Mary'i The Time Traveller's Wife'tan biliyoruz ve seviyoruz; artık daha çok seveceğiz. Onun o soft romantik saçları belki biraz demode kahküllleri yine sempatikliğiyle karışacak film boyunca. Tim ise şanslı genlere sahip; bulunduğu ailenin erkekleri zamanda yolculuk yapabiliyor. 
Bu güne kadar izlediğimiz zamanda yolculuk filmleri acıydı, burada değil. 

Bir zamanda yolculuk böyle de sımsıcak işlenebilirdi, dedirtiyor. 

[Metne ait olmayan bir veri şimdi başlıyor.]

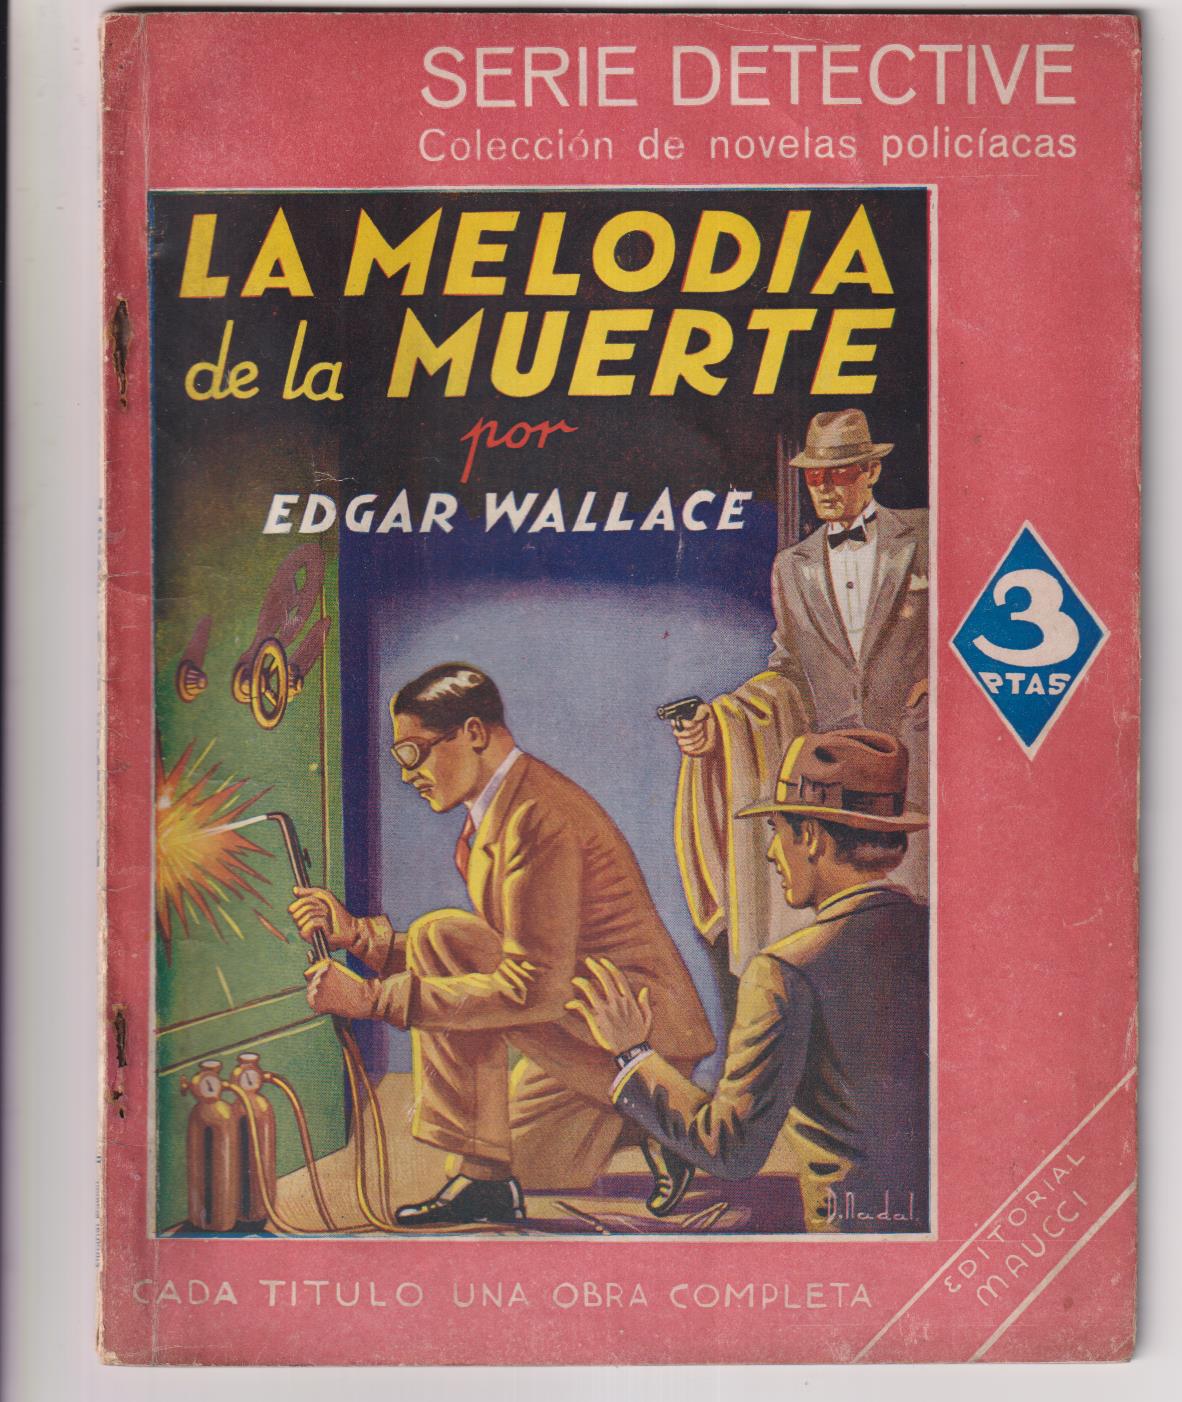 Edgar Wallace. La Melodía de la muerte. Serie Detective. Maucci

Zamanla, pişmanlıklarla, aşkla ve kaderle ilgilenen filmlere daha bir içten bakıyorum bu doğru.. 
Yaşadığınız aşkın pişmanlıkla ve geçen zamanla ilgisi varsa kaderi suçlamak ona bir daha inanmamak elden gelen en kolay şey, bunu da biliyorum. Ama her şey aşk değil, bazen birini mutlu etmek için küçük dokunuşlar yapıyorsunuz 
ve
 h e r ş e y   d e ğ i ş i y o r . 

Çünkü ben kelebek etkisine gönülden inanıyorum. İşte Tim bu anları iyi niyetiyle doğru orantılı kullanıyor. 

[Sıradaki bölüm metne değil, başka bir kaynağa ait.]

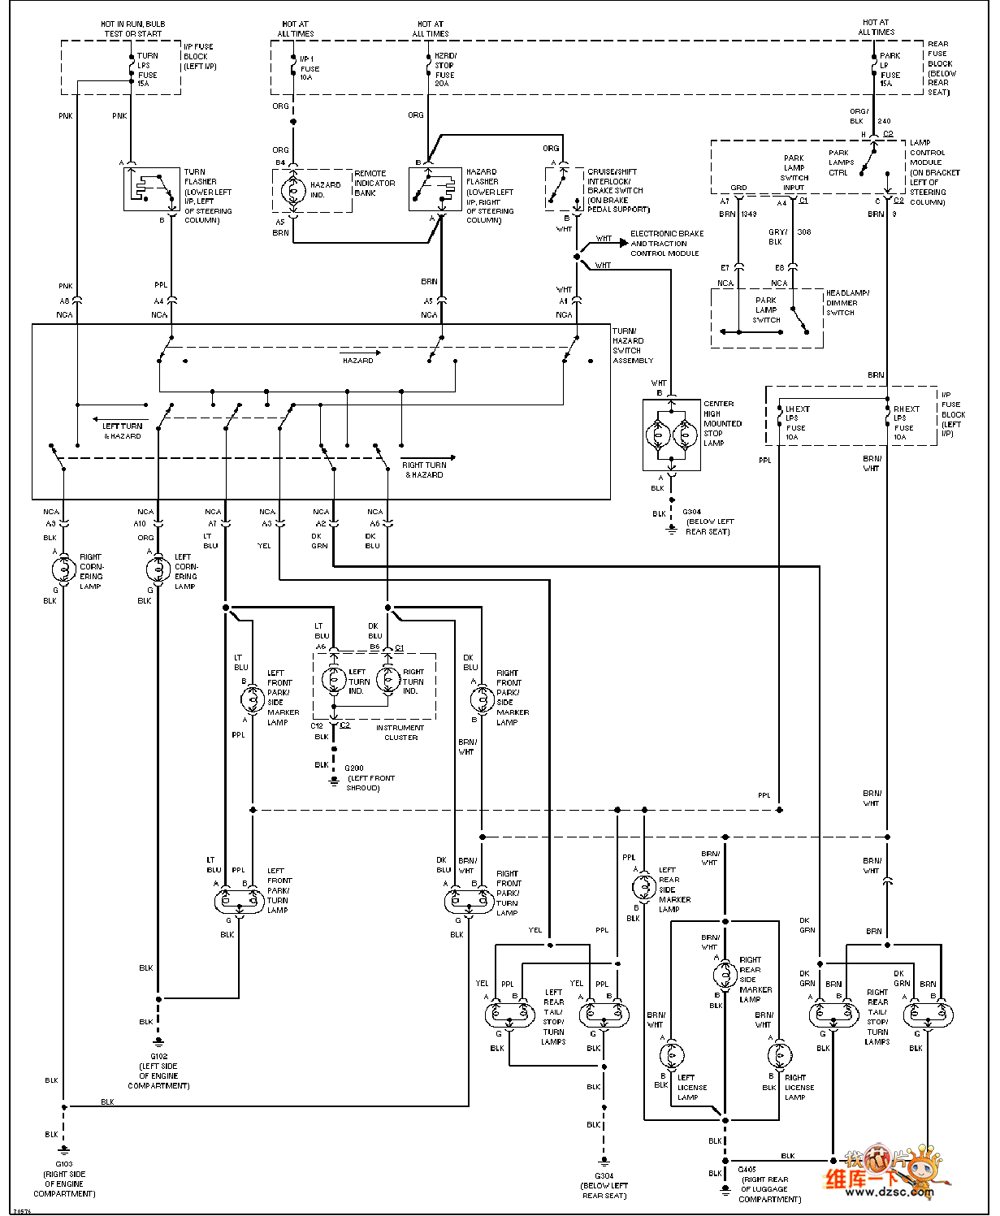 Oldsmobile external light circuit diagram

Tim der ki, "bazen bu seyahatleri kullanmaya gerek duymuyorsunuz, çünkü anlar çok kıymetli." 

Tabii ilk zamanlarda söylüyor bunu, sonra o anların kıymetini öyle bir biliyor ki bunları iki kez yaşamanın gerekliliğini işliyor içinize ve ızdıraplı bir istek duyuyorsunuz tam da o vakit: "O anı bir kere daha yaşamak için her şeyi yapardım" dediğiniz an/ları tokat gibi çarpıyor yüzünüze.. 


Bazen bazı filmleri anlatmak istemiyorum çünkü eğer bunu beceremezsem sizden güzel bir an çalmış gibi olurum, böyle inanıyorum. İzleyince anlayacaksınız. 


*T: Hiç yağmur yağmamış bir günde mi evlenmek isterdin?
 M: Asla, bu günü hiçbir şeye değişmem *
*repliği, düğündeki o mis gibi şarkı eşliğinde Mary'nin küçük omuz dansıyla Tim'e doğru geliği an o kadar izlenilesi ki..
Ayrıca metrodaki çalan şarkı ...


-Basit bir kelime gibi değil altı çizili- gerçekten doyasıya yaşayarak izleyiniz.